A team from the International Atomic Energy Agency (IAEA) will visit the sites near Natanz and Arak, in central Iran, in February 2003, a spokesman for the watchdog told Reuters news agency.

We don't have any hidden atomic activities

Iranian Government
The IAEA said it would not be able to determine the purpose of the facilities until they had been inspected.

Earlier, Iran denied US accusations that it might be pursuing a secret nuclear weapons programme.

"We don't have any hidden atomic activities. All our nuclear activities are for non-military fields," a government spokesman told reporters.

Satellite photographs

United States officials said on Friday that two sites had been spotted in commercial satellite photographs taken in September.

Bushehr plant
Iran's Bushehr plant will go on line next year

Both facilities are of a type that could be used to help build a nuclear weapon, the officials said.

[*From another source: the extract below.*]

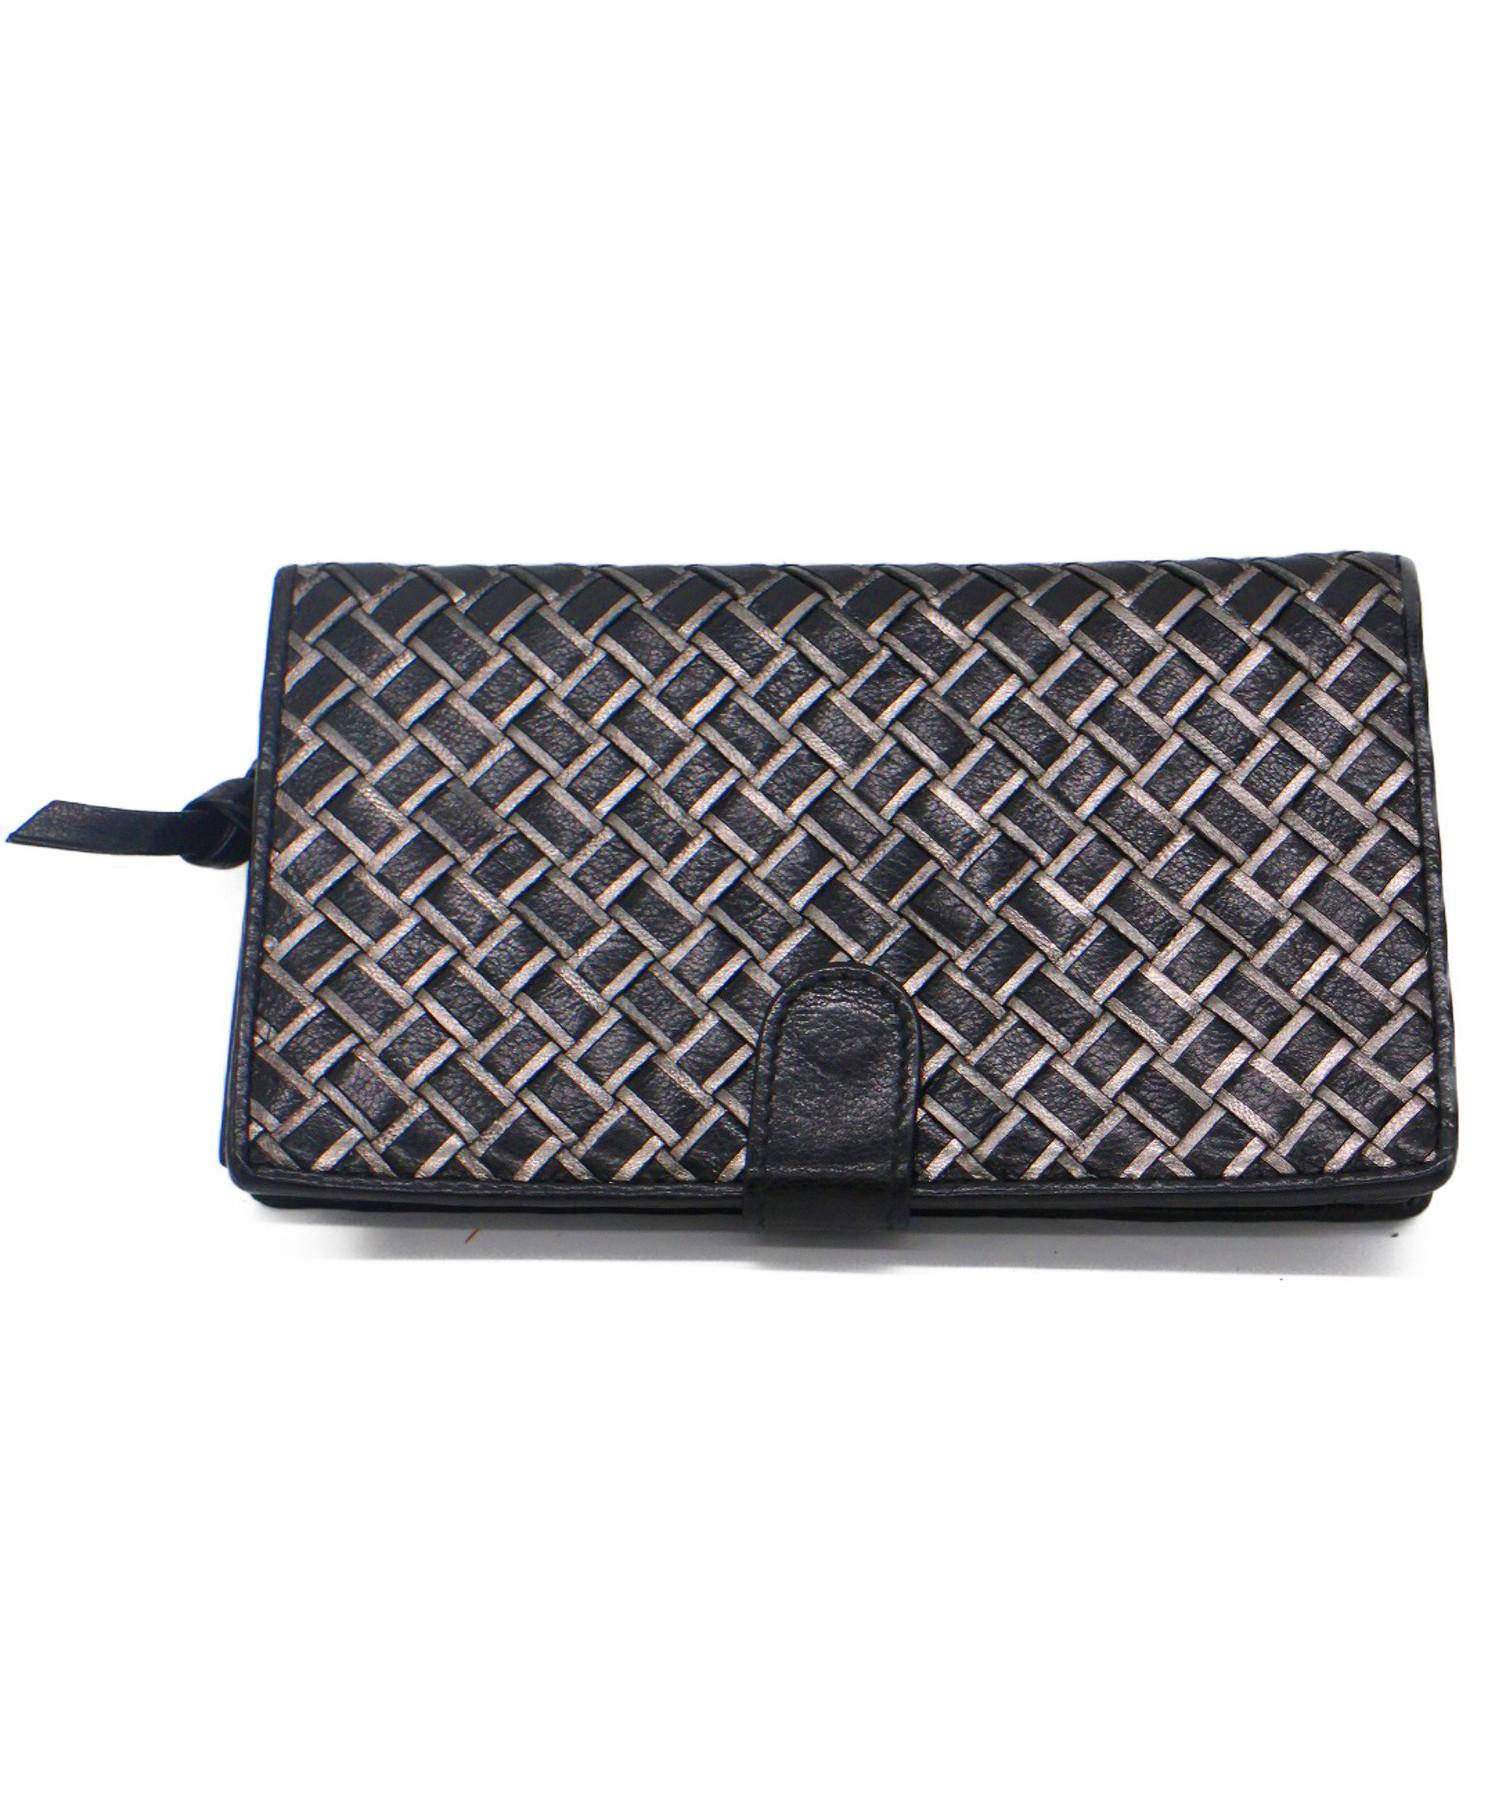 buy online ffe22 73c55 [中古]BOTTEGA VENETA(ボッテガベネタ)のメンズ 服飾小物 イントレチャート2つ折り長財布
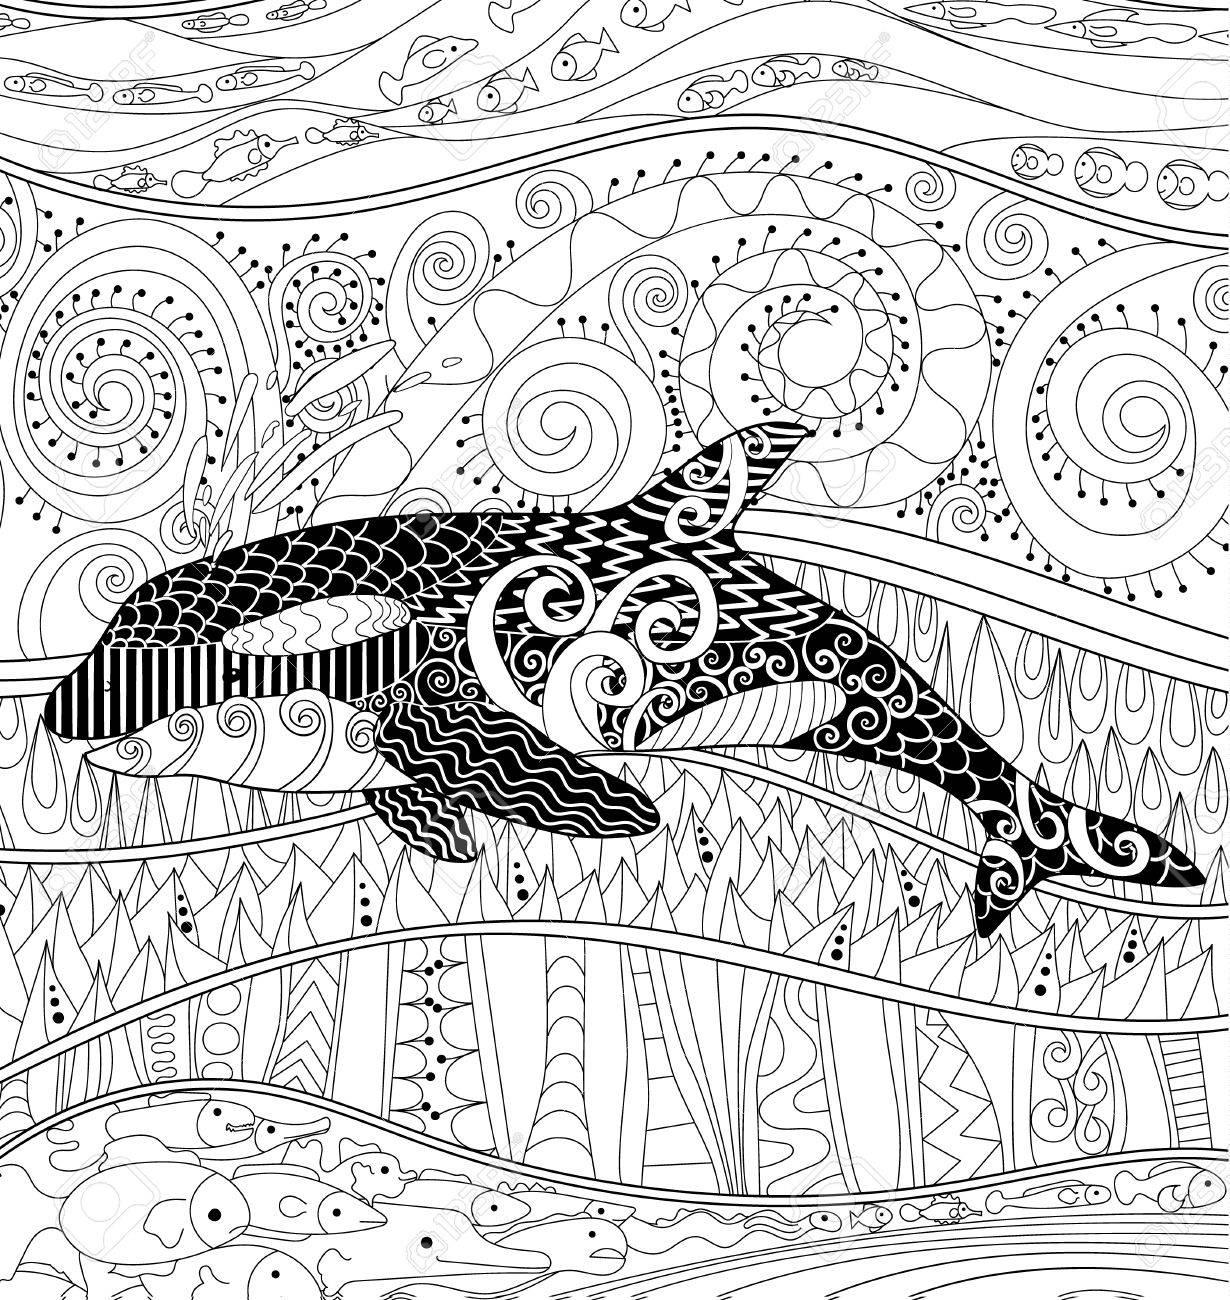 Orque Avec Des Détails élevés Adulte Coloriages Antistress Avec Orque Animaux Blanc Noir Pour L Art Thérapie Abstract Pattern Avec Des éléments

An unnamed source at the IAEA told the Associated Press news agency that it had asked to visit the facilities because it was "concerned" about their use.

The IAEA was originally due to visit Tehran this month, but it was postponed at Iran's request, an agency spokeswoman said.

Iranian media reported on Thursday that Iran was exploring the feasibility of building a second nuclear power plant.

A nuclear power plant is already being built, with the help of Russian technicians, at the port of Bushehr, and is scheduled to begin operating in 2004.

Rebel revelations

In September, Iran informed the IAEA it was engaged in a 20-year programme to build new facilities to recycle nuclear fuel.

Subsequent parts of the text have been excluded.